Given information -
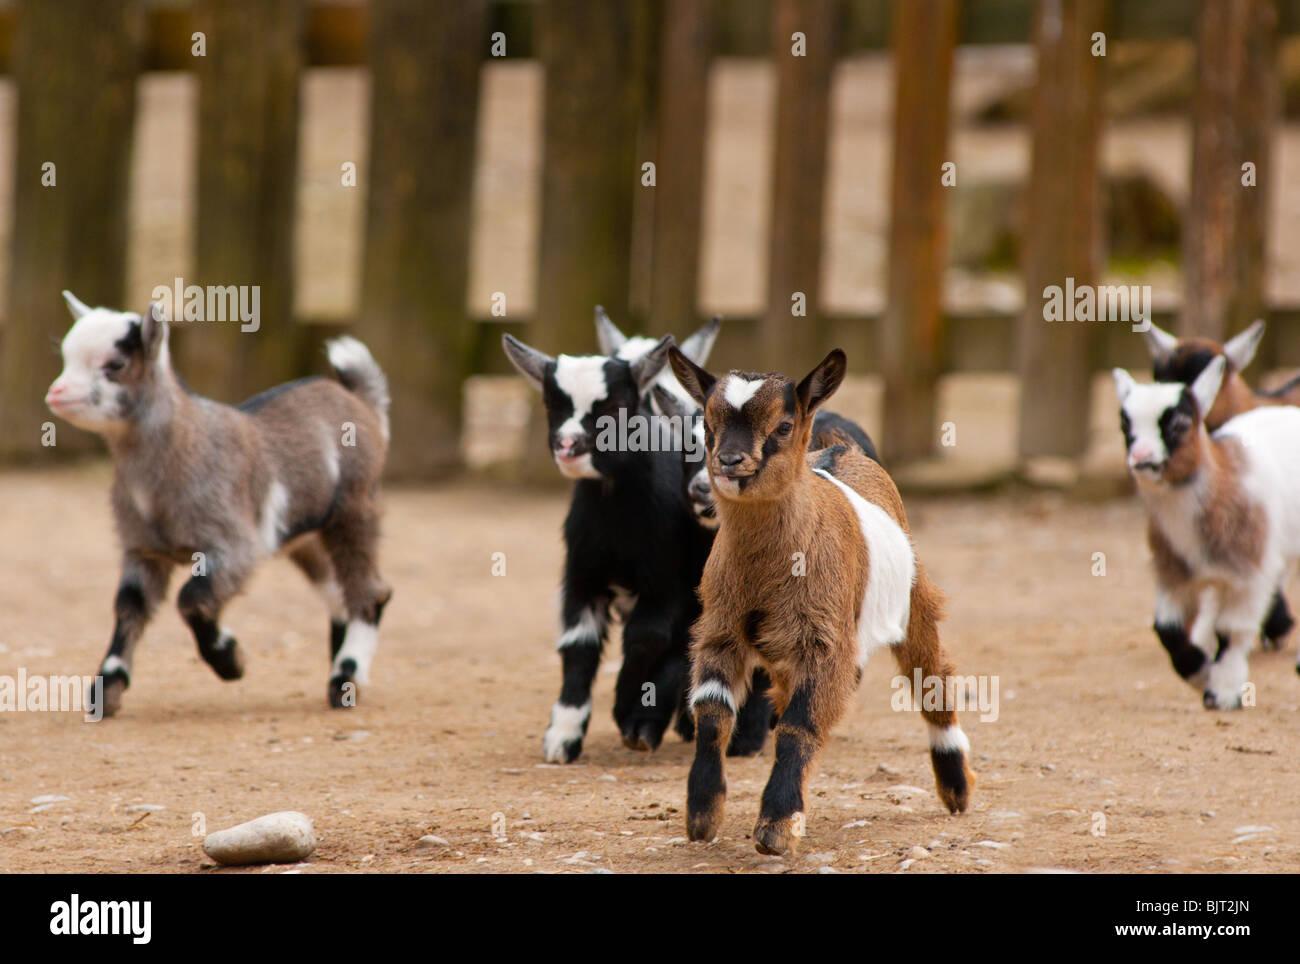 Carino in esecuzione baby capre Immagini Stock
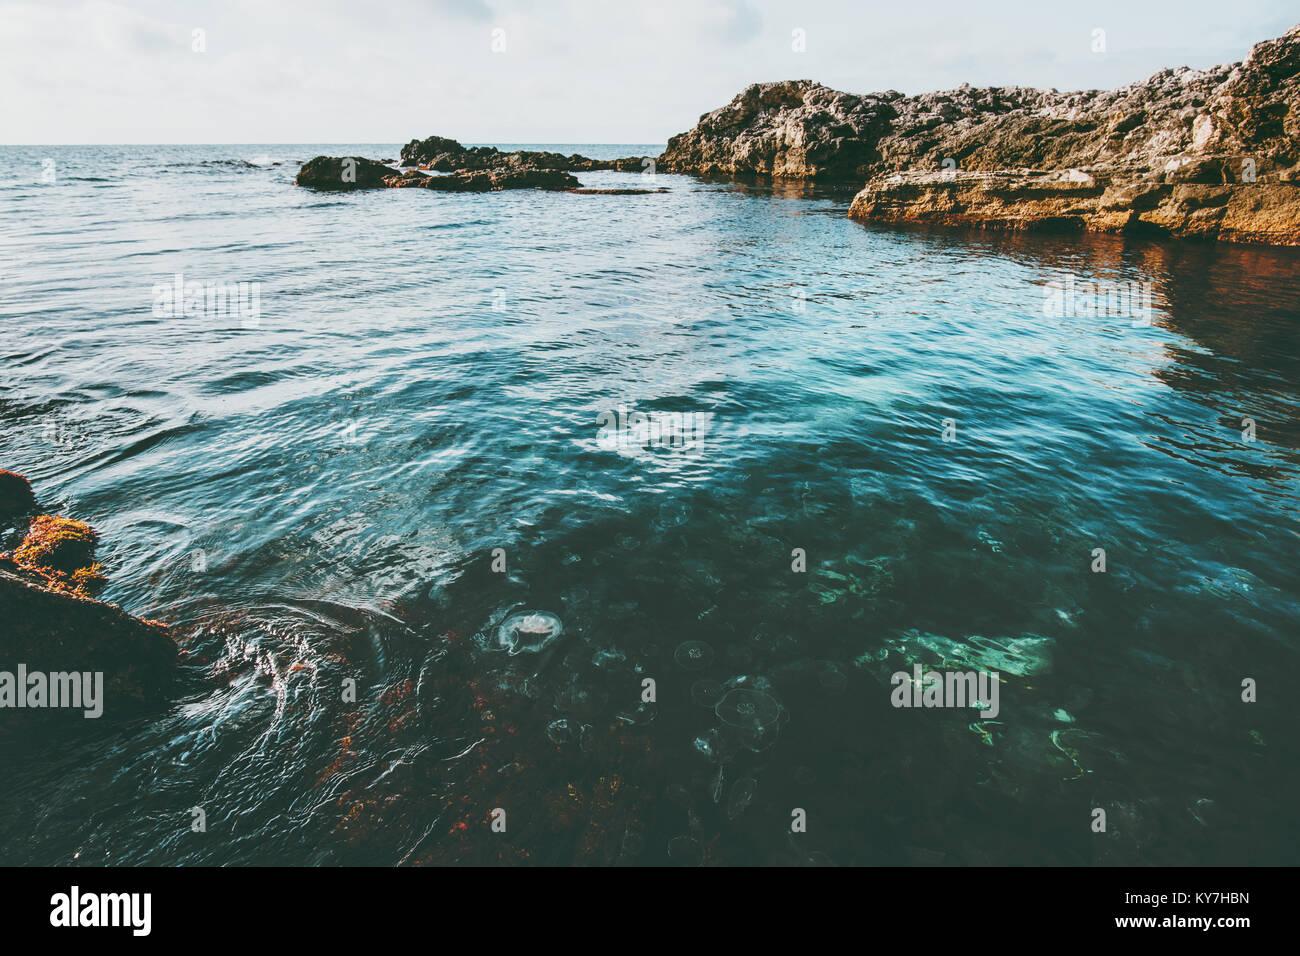 Bleu de la mer et bord de mer calme paysage rocheux pittoresque idyllique voyage vacances vue Photo Stock
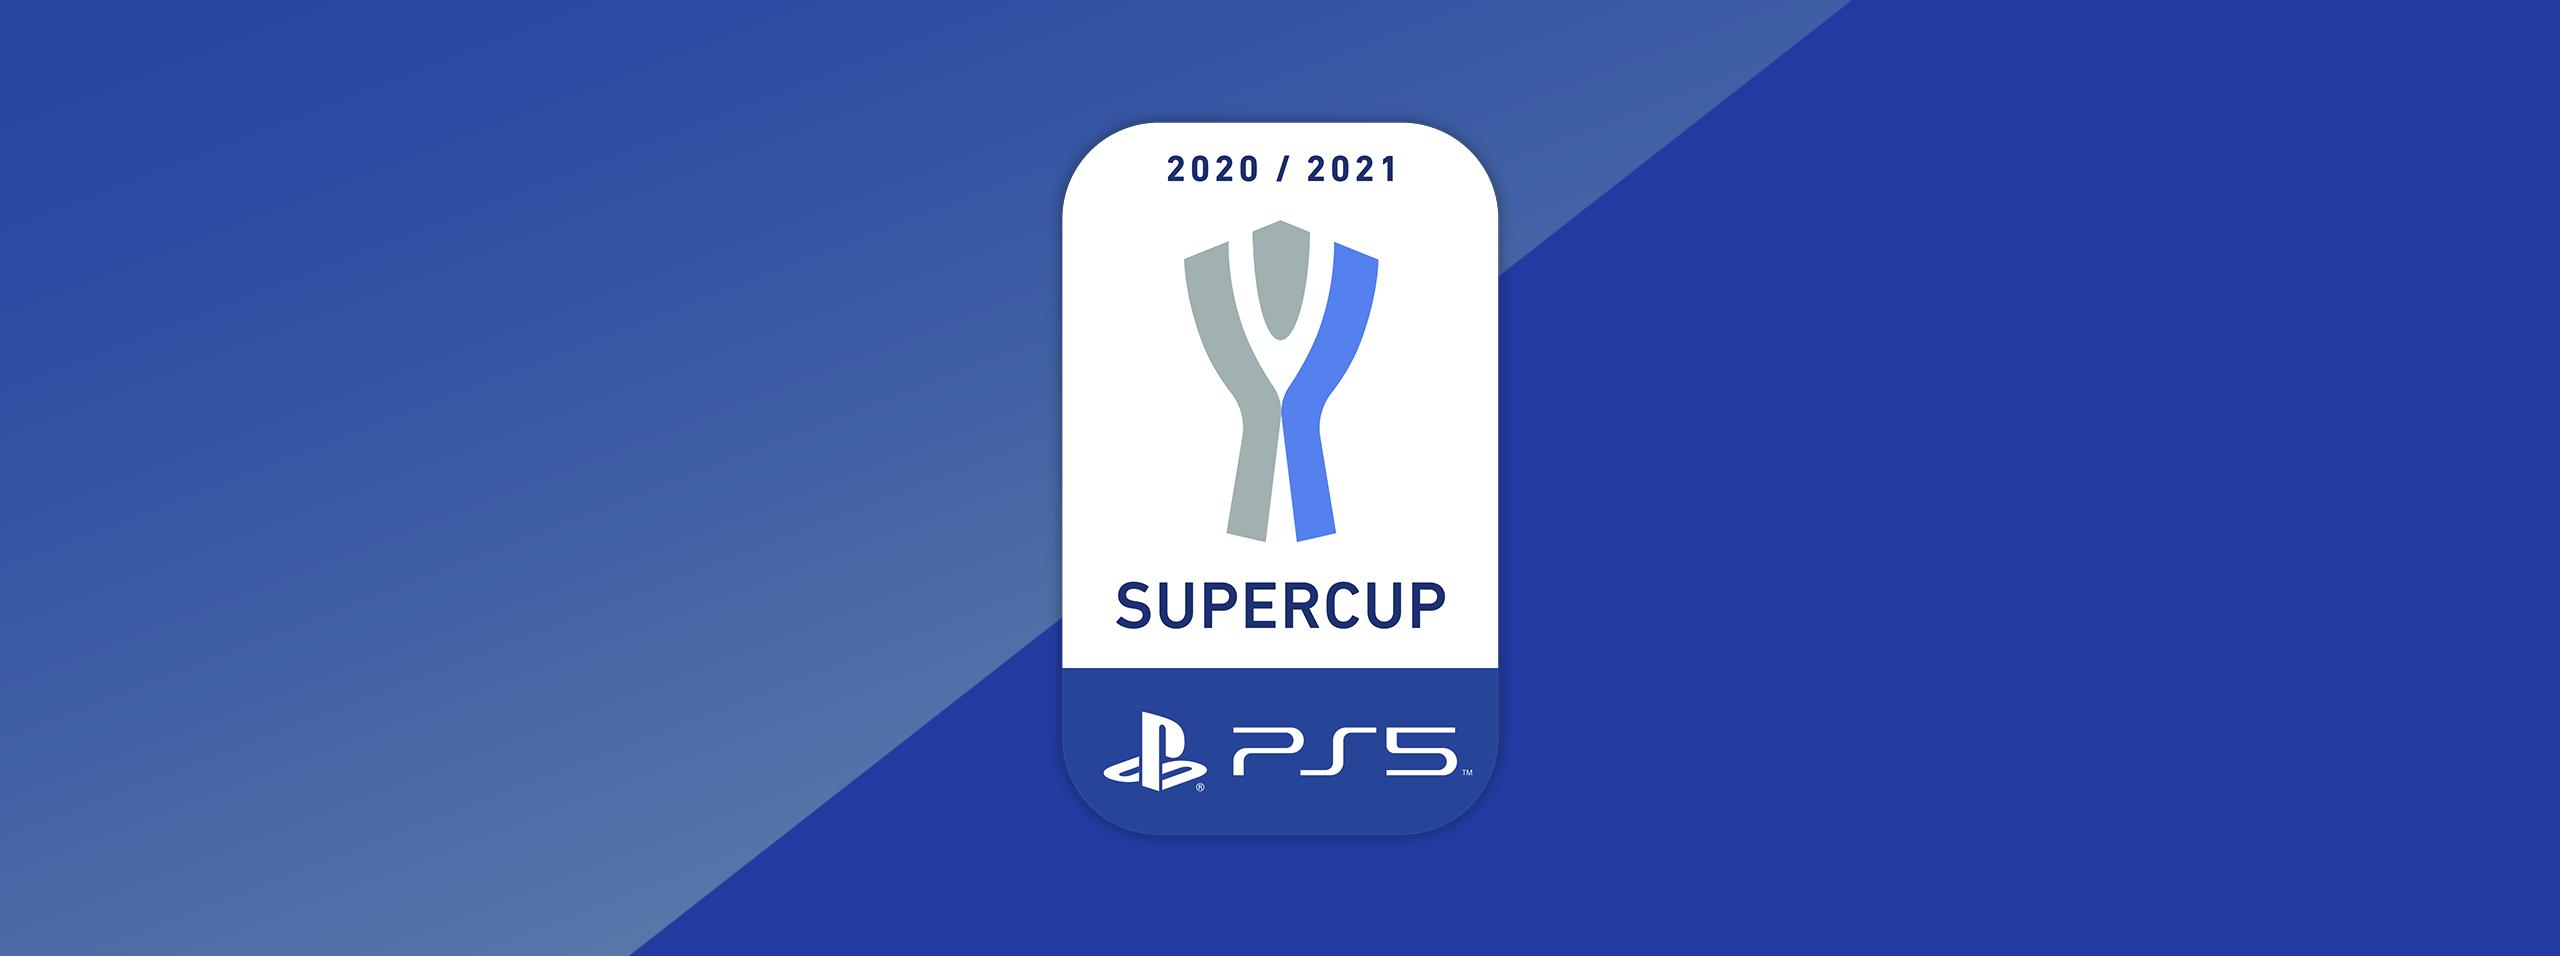 Super Cup hero

What the exercise asks -
Print the material above exactly, skipping its images.

Answer box -
 Carino in esecuzione baby capre Immagini Stock
 Bleu de la mer et bord de mer calme paysage rocheux pittoresque idyllique voyage vacances vue Photo Stock
 Super Cup hero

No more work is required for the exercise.